← 返回首页
CUPTI Python Samples — CUPTI Python
Back to top Ctrl+K

CUPTI Python Samples#

Once CUPTI Python is installed, the CUPTI samples are located under the site-packages/cupti-python-samples directory. You can determine the location of your site-packages directory by executing the following command:

$ python3 -m site

Setting up Numba CUDA#

The CUPTI Python Numba samples require the numba-cuda package along with the dependencies for CUDA 13.0. You can install numba-cuda using the following command:

$ pip install numba-cuda[cu13]

Samples#

The CuptiVectorAdd* samples have a simple code which does element by element vector addition.

CuptiVectorAddNumba.py#

CUPTI Python sample which shows use of CUPTI Activity APIs. This sample uses numba-cuda.

Command line options: --profile, -p

Enable CUPTI based profiling. Default: OFF

--output, -o OUTPUT_TYPE

Select the profiler output format. OUTPUT_TYPE can be: brief, detailed, or none. Default: brief

--help, -h

Shows the usage.

CuptiVectorAddNumbaCallback.py#

CUPTI Python sample which shows use of CUPTI Callback APIs. This sample uses numba-cuda.

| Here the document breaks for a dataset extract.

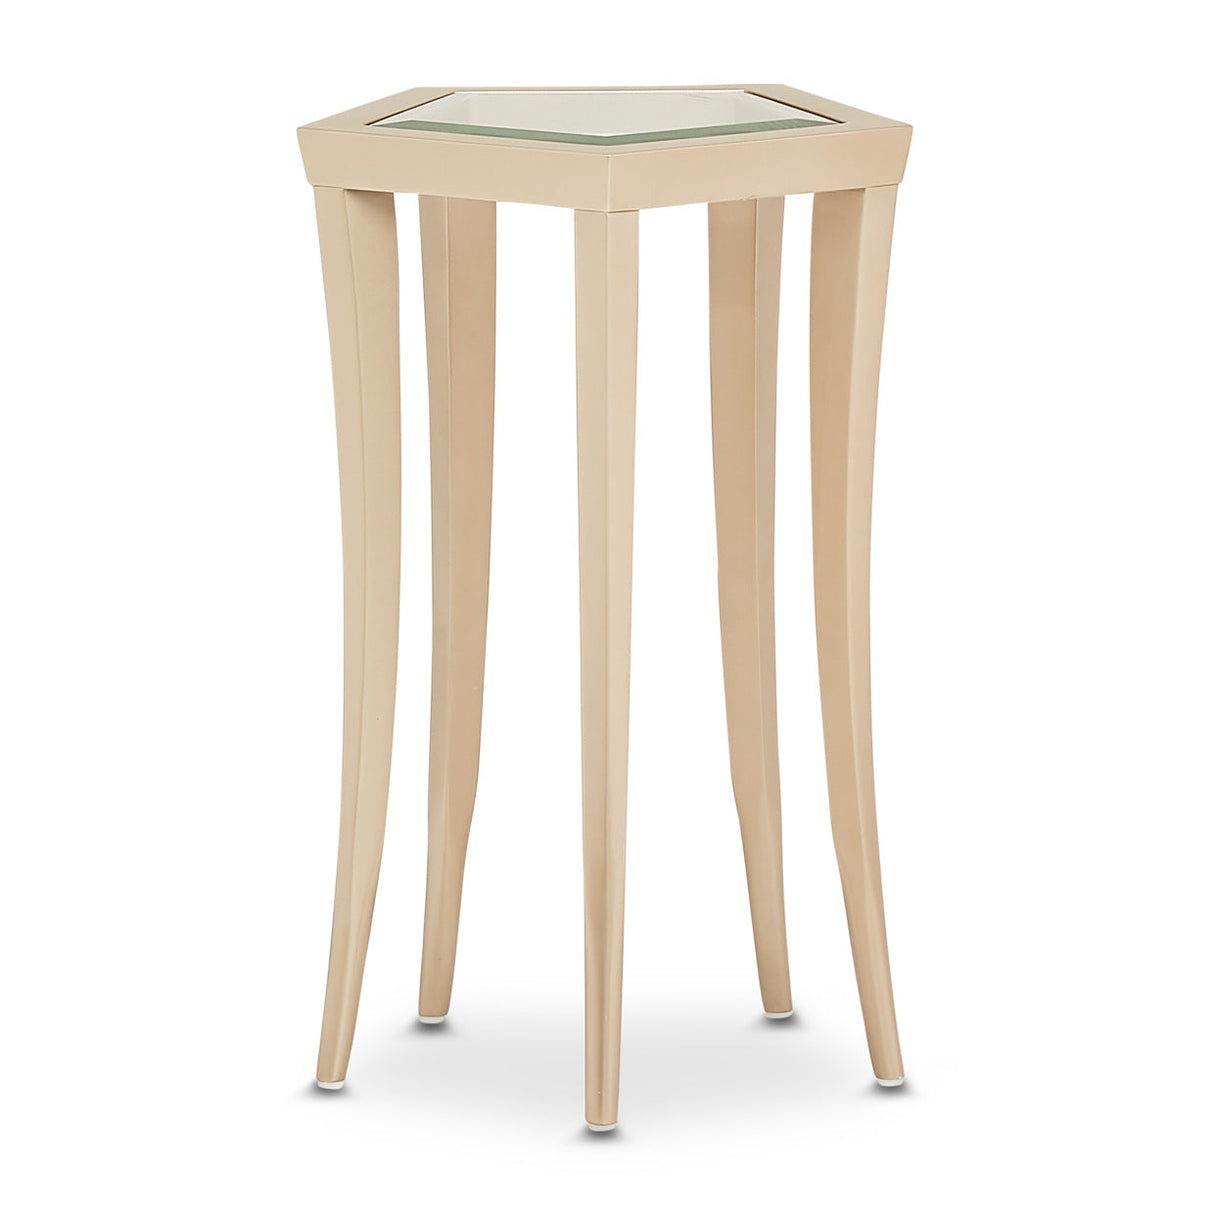 Aico Furniture - La Rachelle Chairside Table In Medium Champagne - 9034225-136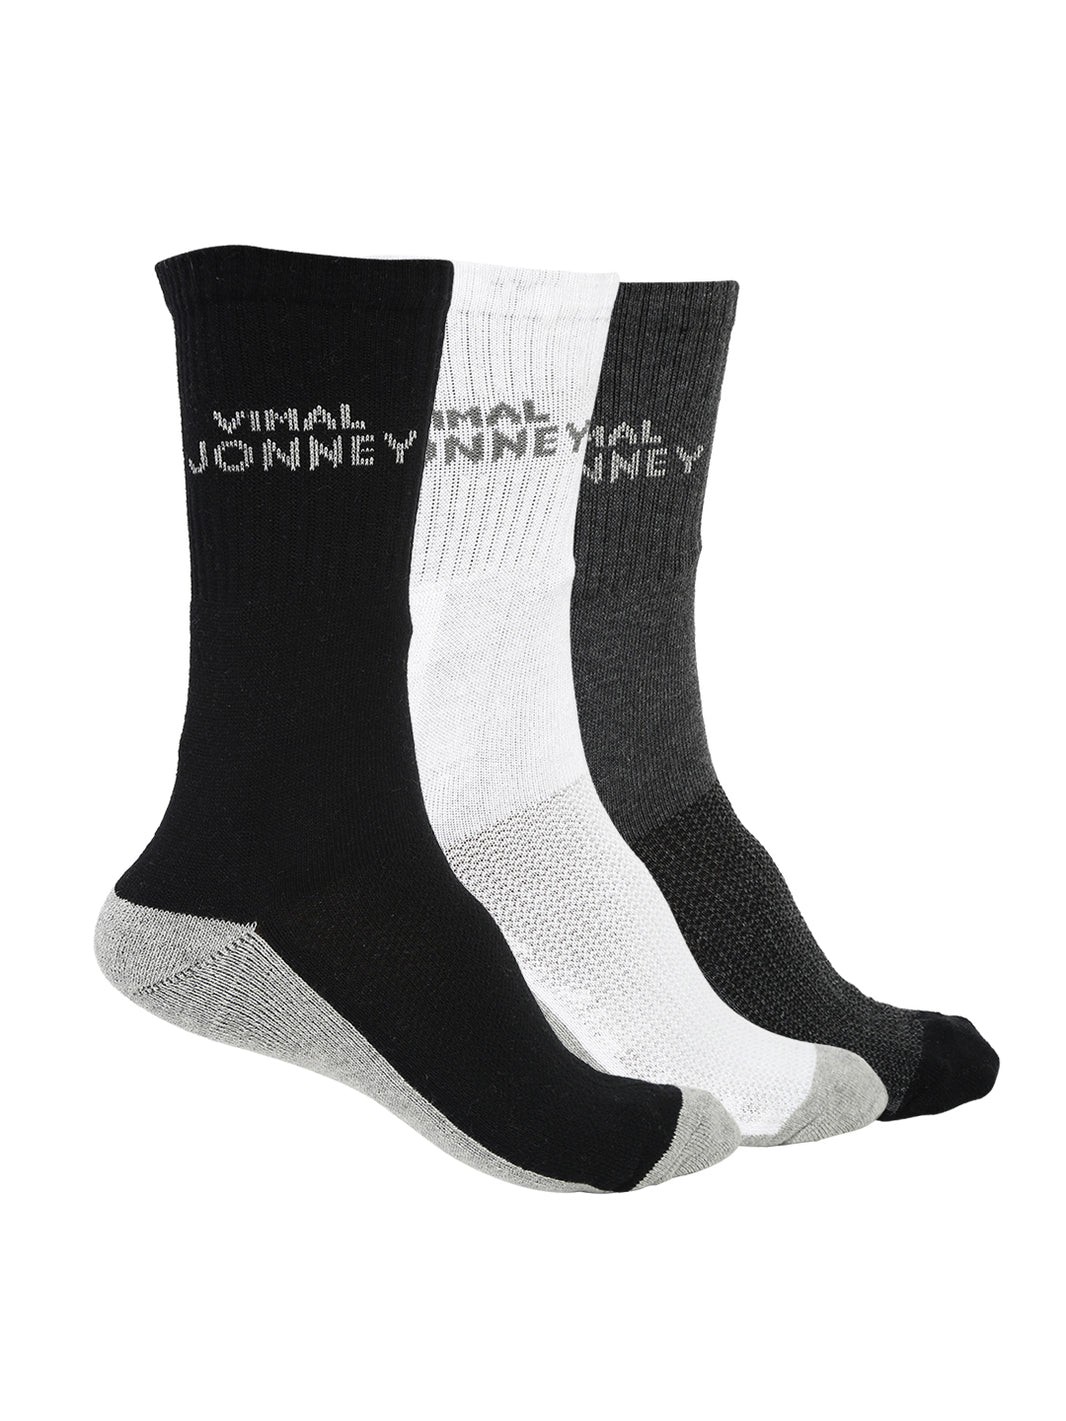 Vimal Jonney Men's Cotton Solid Full Socks, Free Size, Pack of 3 (Multicoloured)

Command line options: --profile, -p

Enable CUPTI based profiling. Default: OFF

--output, -o OUTPUT_TYPE

Select the profiler output format. OUTPUT_TYPE can be: brief, detailed, or none. Default: brief

--help, -h

Shows the usage.

CuptiVectorAddDrv.py#

CUPTI Python sample which shows use of CUPTI Activity APIs. This sample uses CUDA Python Driver APIs from cuda-bindings. It also shows how to use CUDA profiler start and stop APIs to define the range of code to be profiled.

This sample uses NVRTC (NVIDIA Runtime Compilation) to compile CUDA kernel code to PTX at runtime. The sample demonstrates:

  • Using cuda.bindings.nvrtc to compile CUDA kernel source code to PTX

  • Using cuda.bindings.driver APIs to load the PTX module and launch kernels

  • Using CUPTI Activity APIs to profile the CUDA operations

For ensuring cuda-bindings is set up correctly along with the necessary CUDA Toolkit (CTK) components (including NVRTC), please refer to the cuda-bindings runtime requirements documentation.

Command line options: --profile, -p

Enable CUPTI based profiling. Default: OFF

--define-profile-range, -r

Include CUDA profiler start and stop APIs to define the range of code to be profiled. Default: OFF

--output, -o OUTPUT_TYPE

Select the profiler output format. OUTPUT_TYPE can be: brief, detailed, or none. Default: brief

--help, -h

Shows the usage.

cupyprof.py#

CUPTI Python sample which shows how to profile a CUDA Python application using the CUPTI Python APIs without having to modify the CUDA Python application code. This sample shows use of CUPTI Activity APIs and Callback APIs. It also shows how to profile a range of code for a CUDA Python application which uses CUDA profiler start and stop APIs.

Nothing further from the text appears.